:: What to produce ::
Below are records with pictures. Transcribe exactly, and only, the lines from the line with "Perceeloppervlakte Sardijngeulstraat 58" to the line with "햇반컵반-버터장조림비빔밥-216g-1000140090874", both ends included, but not the pictures.

:: Data listing ::
▶

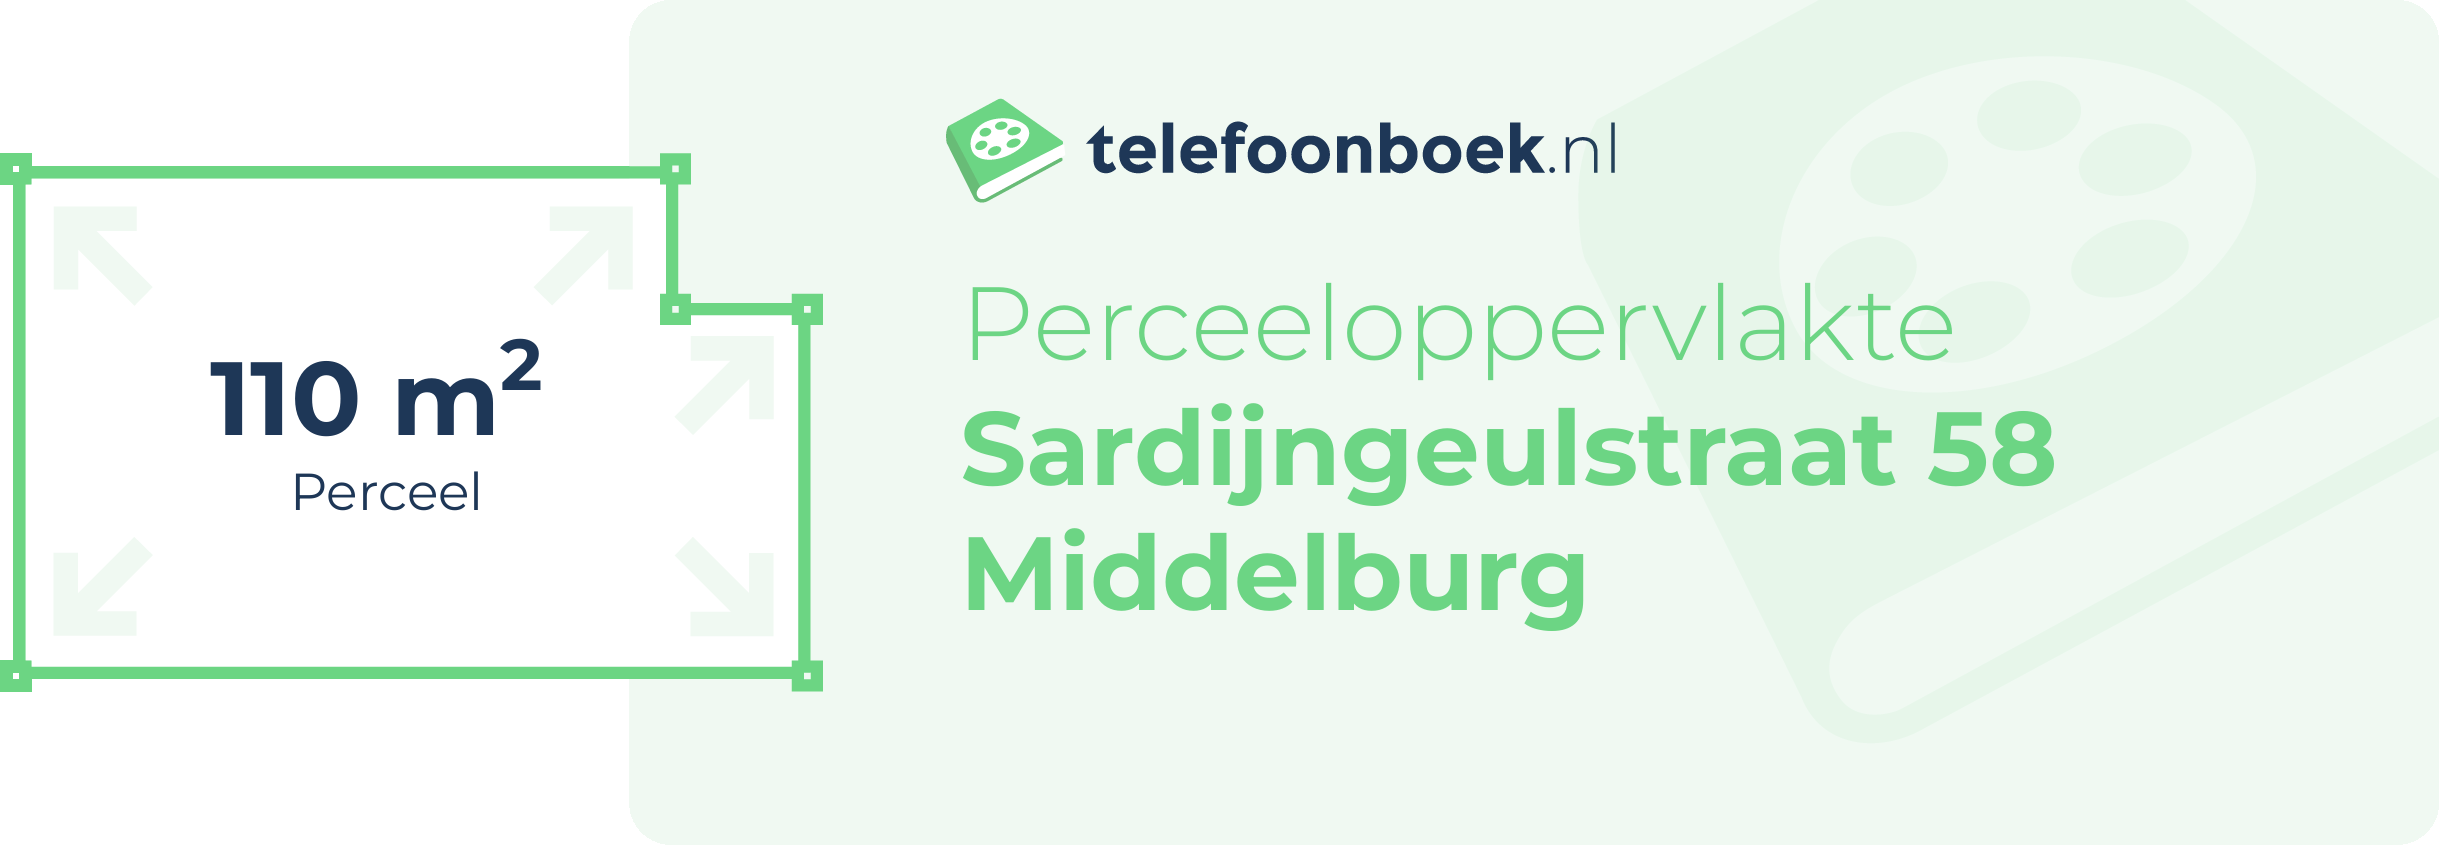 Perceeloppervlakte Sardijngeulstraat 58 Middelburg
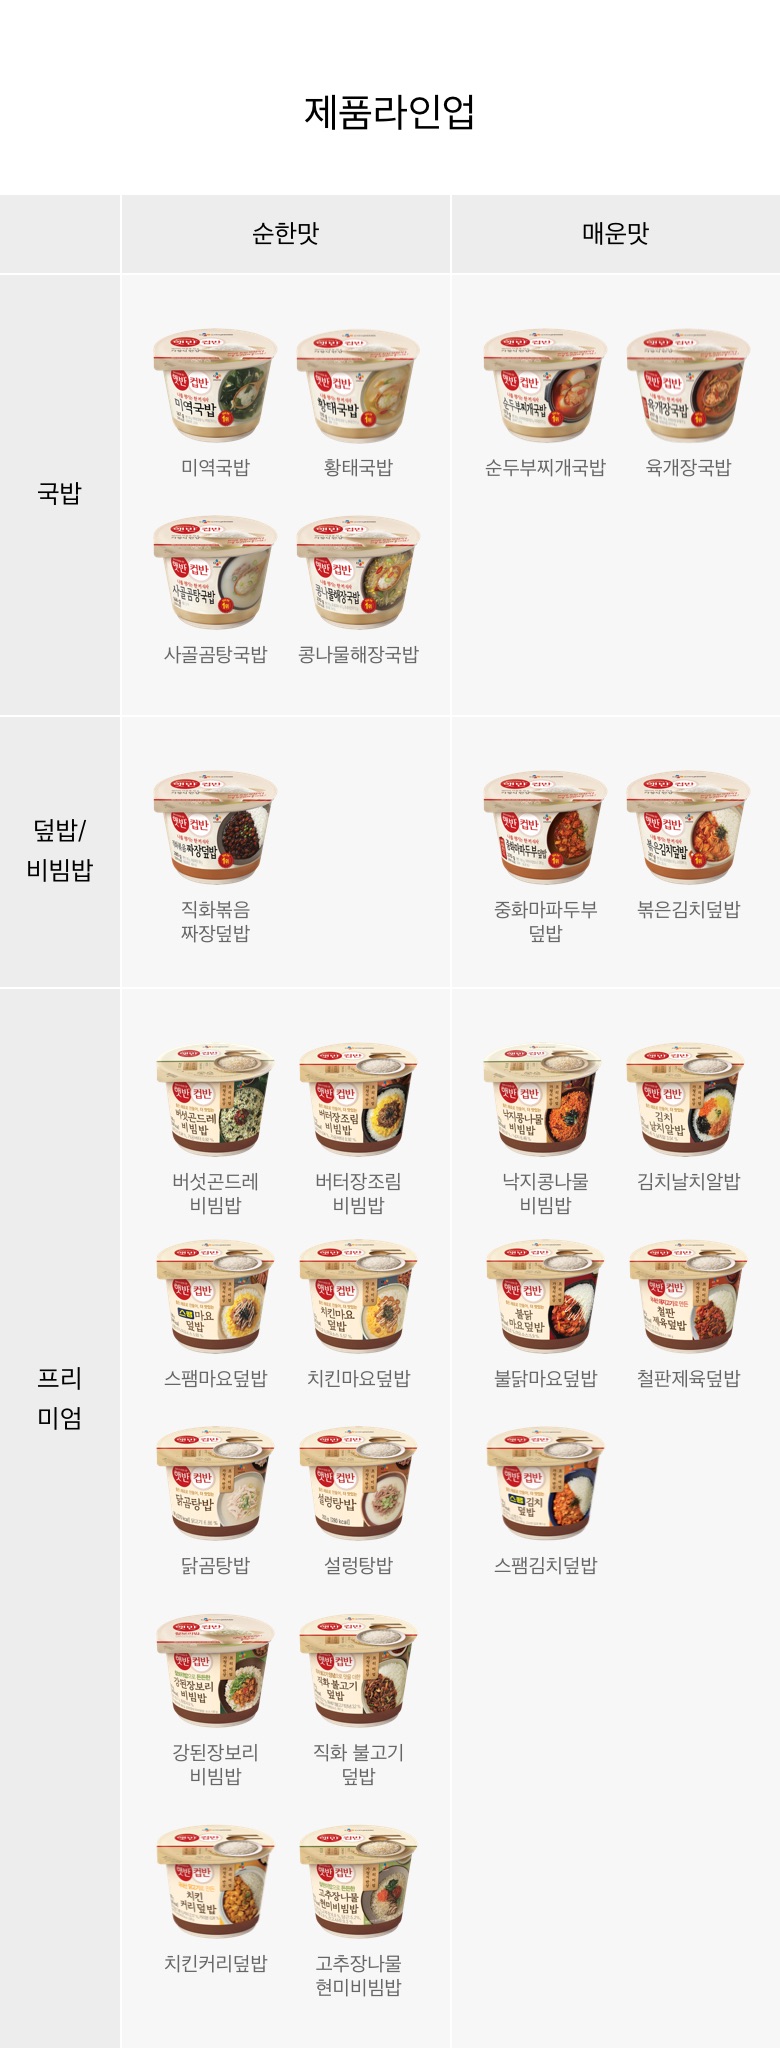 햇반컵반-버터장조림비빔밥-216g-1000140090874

◀
▶

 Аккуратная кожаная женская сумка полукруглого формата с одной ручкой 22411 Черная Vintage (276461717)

◀
▶

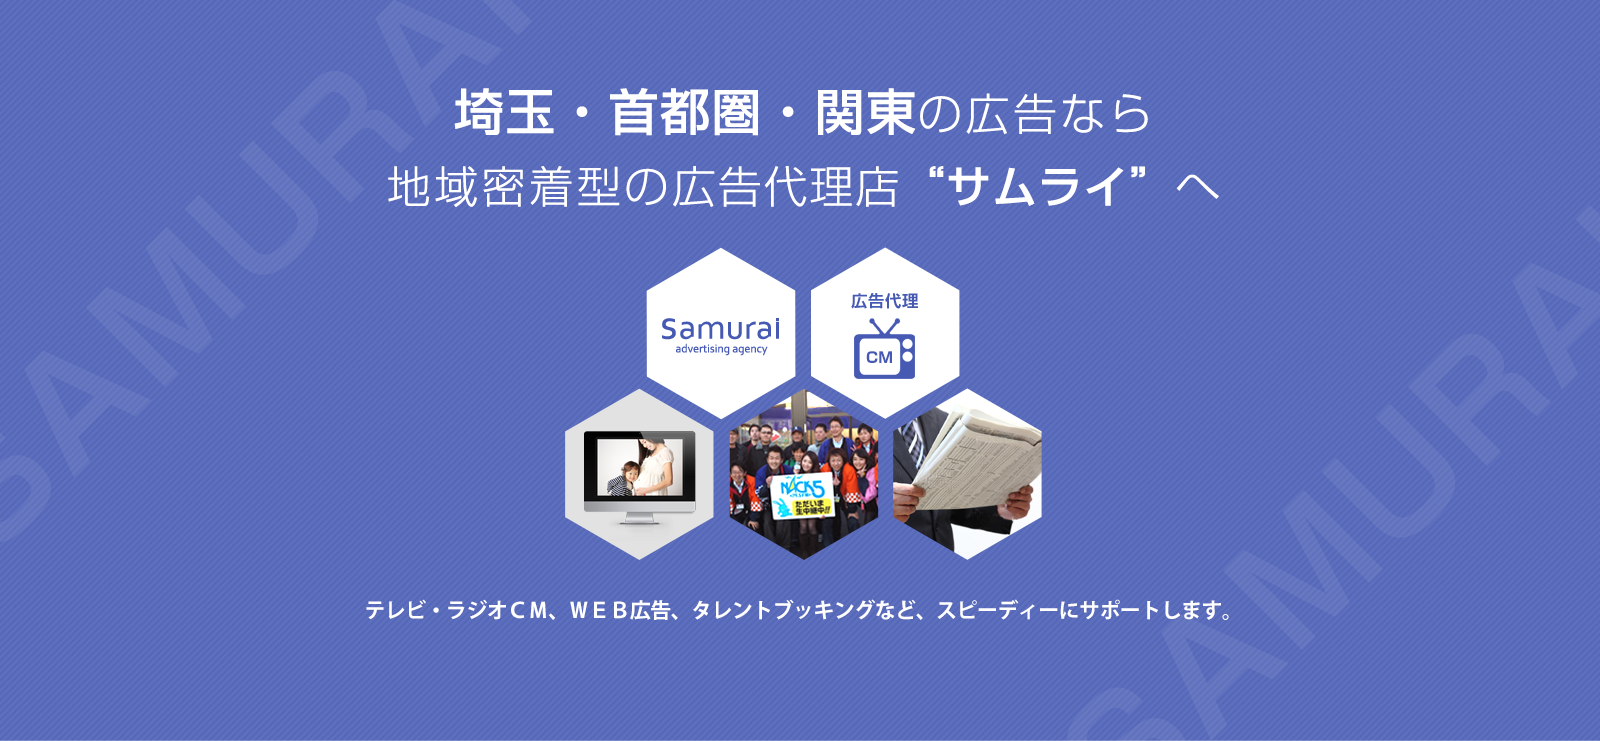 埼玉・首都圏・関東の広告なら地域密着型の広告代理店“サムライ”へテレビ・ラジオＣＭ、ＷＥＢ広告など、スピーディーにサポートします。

◀

:: Solution for this problem ::
 Perceeloppervlakte Sardijngeulstraat 58 Middelburg
 햇반컵반-버터장조림비빔밥-216g-1000140090874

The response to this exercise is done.